Whatever you decide, self-exploration is key in raising your self-esteem. Talk to your partner, share your strengths and areas that you may need some extra support and remember that ultimately you take care of you.

Dr. Jess O’Reilly

Resident Sexologist, Astroglide

How you feel about yourself affects how you perceive and treat others, which in turn, affects how they perceive and treat you.

It’s important to note that confidence isn’t a fixed state, but an experience that fluctuates over time. You may feel confident one day and face challenges in self-esteem the next.

If you’re dealing with low self-esteem:

Consider your social circle

Do they treat you well? Do they treat one another well? Are they kind to themselves?

The people with whom you surround yourself influence your self-image and self-esteem.

For example, body image is contagious and if your friends speak disparagingly about their bodies, you’re likely to do the same. You may need to cut off conversations that center on body-negativity or subvert these dialogues by talking about how much you like your body.

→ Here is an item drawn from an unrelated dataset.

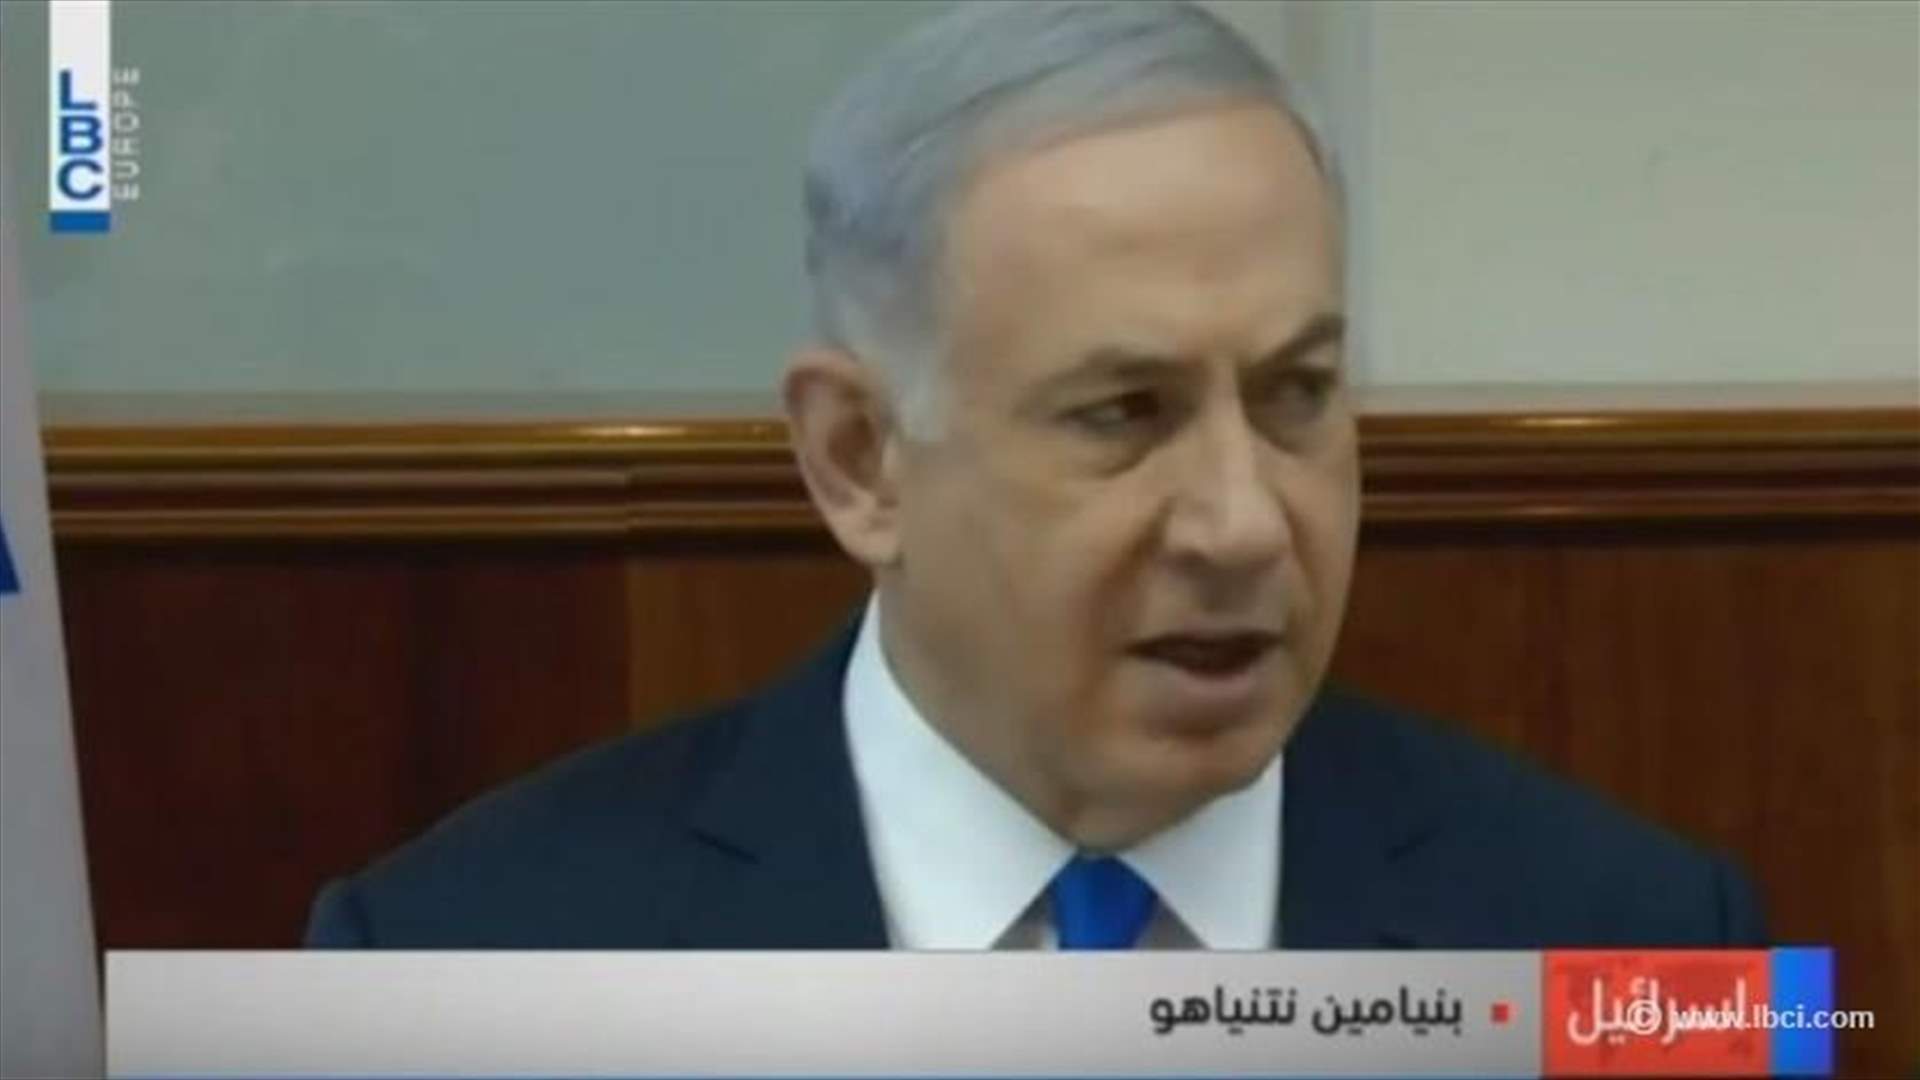 REPORT: Netanyahu incites exile of Arab Knesset members

Repeat compliments to yourself three times

When someone criticizes you, you’re likely to replay their criticism over and over again (until you begin to believe it).

Flip the switch and do the same with compliments. Instead of brushing them off, say thank you with grace and then repeat the compliment to yourself a few times in your head (e.g. I’m really witty).

Be honest about your vulnerabilities so that you can address them head-on

Oftentimes, we avoid dealing with issues (e.g. insecurity, jealousy) because we refuse to name them.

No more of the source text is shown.